Monday, January 18, 2021

Inklings Link-Up~January 2021

Inklings for a new year! Here's my list of Inklings posts from last year!

1. At any time during the month, on your own blog post a scene from a book or film that matches the prompt.

2. Link-back to Heidi's blog in the comments section with a link to you Inklings prompt.

January Prompt

A new beginning in book or film

The Librarian of Auschwitz by Antonio Iturbe

Chapter 32


     "What will happen to Mengele? Have they hanged him?" Dita wonders
     "Not yet, but they're looking for him."
     "Will they find him?"
     "Of course they will. Half a dozen armies are looking for him. They'll catch him and put him on trial."
     I hope they hang him straightaway. He's a criminal."
     "No Dita. They have to give him a trial."
     "Why waste time on procedures?"
     "We are better than them."
     "Fredy Hirsch used to say that, too!"
     "Hirsch..."
     "How I miss him."
     It's her turn at the window--time to resolve all her issues. That's it. They are still two strangers. It's the moment to wish each other luck and say good-bye. But Ota asks her where she's going next.
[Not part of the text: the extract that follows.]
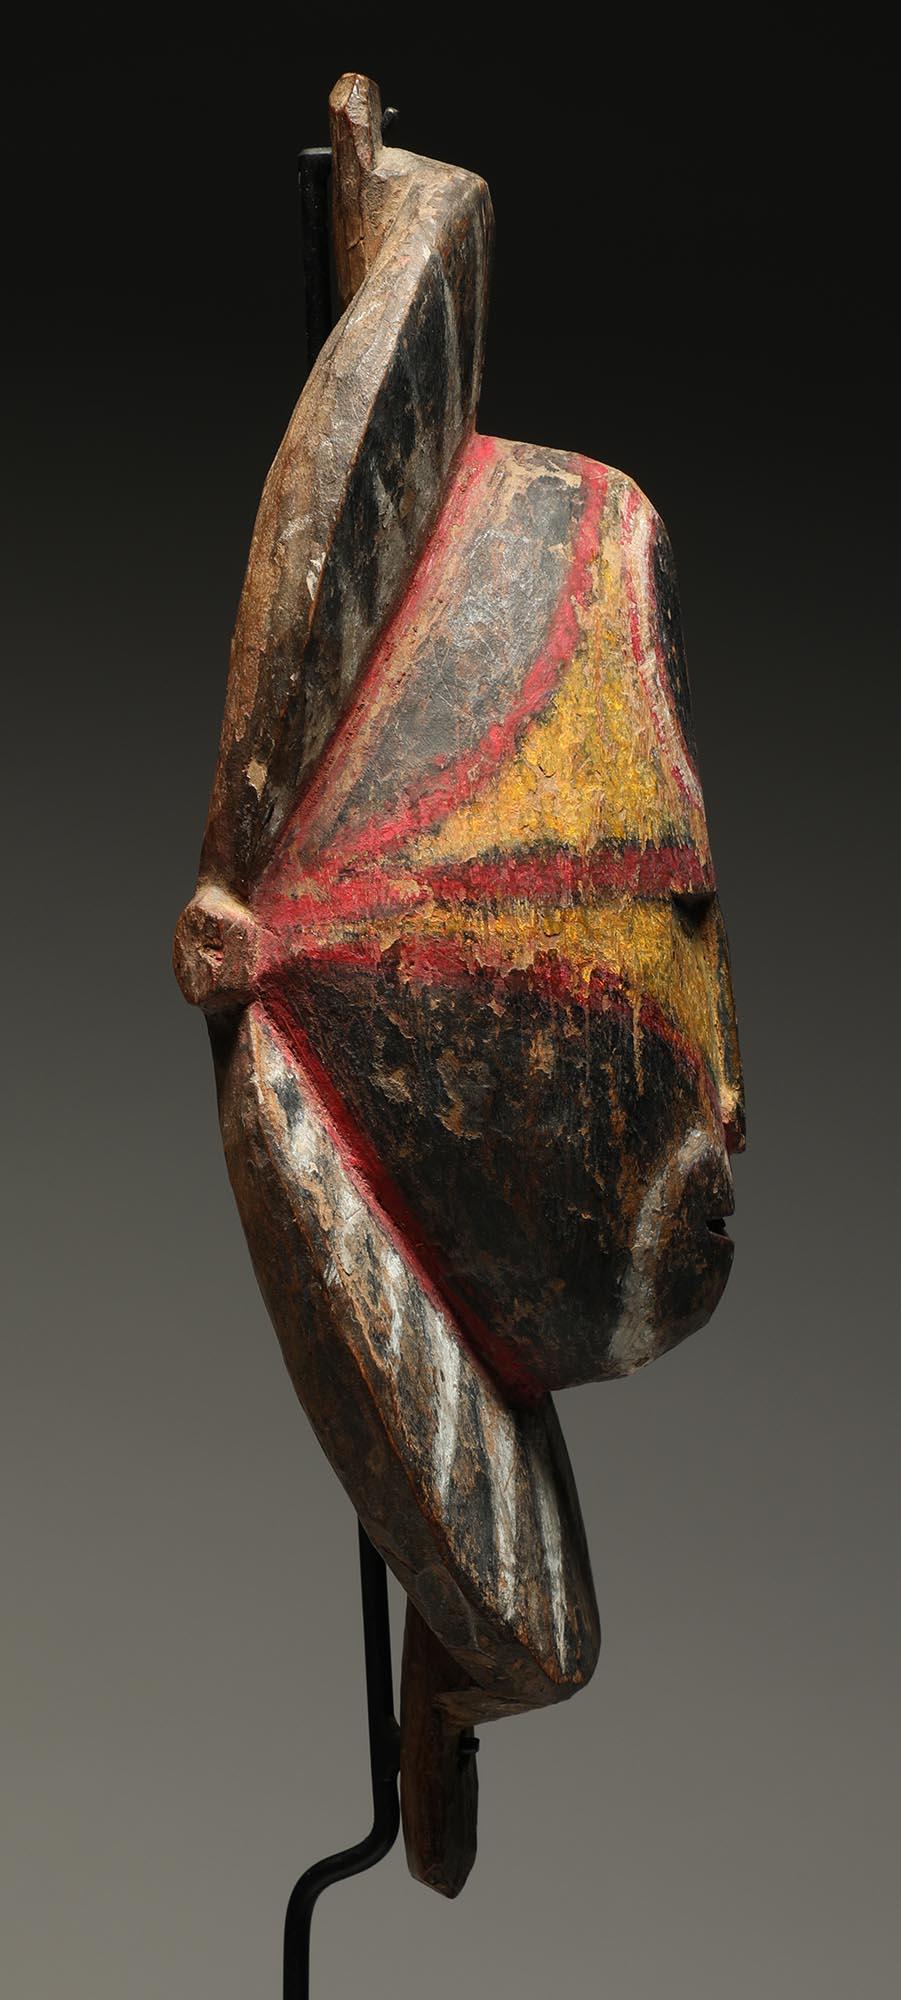 Masque d'igname en bois dur Sepik de Papouasie-Nouvelle-Guinée avec des zones de pigments jaunes, rouges, noirs et blancs. Visage expressif.
Le masque mesure 8 1/2 pouces de haut, sur une base métallique personnalisée, pour une hauteur totale de 12

She tells him she's off to the Jewish Community Office and asks if what they told her is true: that she can request a small orphan pension.
     Ota asks her if she's mind if he accompanied her there. 
     "It's on my way," he says, so seriously that she doesn't know whether to believe him or not.
      It's an excuse to stay with her, but it isn't a lie. Dita's way is always part of his path. 
     A few days later, in Teplice, some kilometers from Prague, Margit Barnai is sweeping the entrance to her building. As she she sweeps, she daydreams about a young man who does deliveries on his bicycle and rings his bell merrily each time he cycles past her. She thinks that perhaps it's about time to start paying attention to her hair in the mornings and putting a new ribbon in it. Suddenly, out of the corner of her eye she glimpses the shadow of someone coming through the entrance.
     "You're a very fat, girl!" the person shouts.
      Her first impulse is to give a rude response to her rude neighbor. But then the broom almost falls out of her hand.
     It's Dita's voice.
     Margit is the older of the two girls, but she's always felt like the younger sister. She throws herself into Dita's arms in the way little children do--not worrying about the speed, not holding back.
     "We're going to fall!" says Dita, laughing
     "And what does that matter, as long as we're together!"
     It was true. Finally, something good was true. They were waiting for her.

Based on the true story of Edita "Dita" Kraus, a survivor of the Auschwitz-Birkenau concentration camp. During her imprisonment, Dita was given the job as the librarian at the camp's tiny school. A job that could have gotten her killed. Dita spends her fragile teenage years in a never-ending hell of fear, death, manipulation and increasingly no hope of survival. When she is finally liberated, she is entirely alone. She's watched her parents die and as her friends were taken away. 

How does one move on in life when they have born witness to the most evil depths of mankind? Yet, Dita does move on. She survived Auschwitz, she survived the Nazis, she survived the gas chambers, she survived sickness, she survived separation. Her liberation from the camp was not her beginning. It was the ending of her former life. Her beginning was when she determined to start a new life. Finding her friends, learning to live and entering a world beyond the barbed wire of a concentration camp. 

Dita Kraus then and now

4 comments:

  1. I've heard about this book, and it sounds sad but inspiring. Good choice!

    ReplyDelete
    Replies
    1. Thank you! Originally I was going to do Harry Potter, but I felt this story hade more depth to it.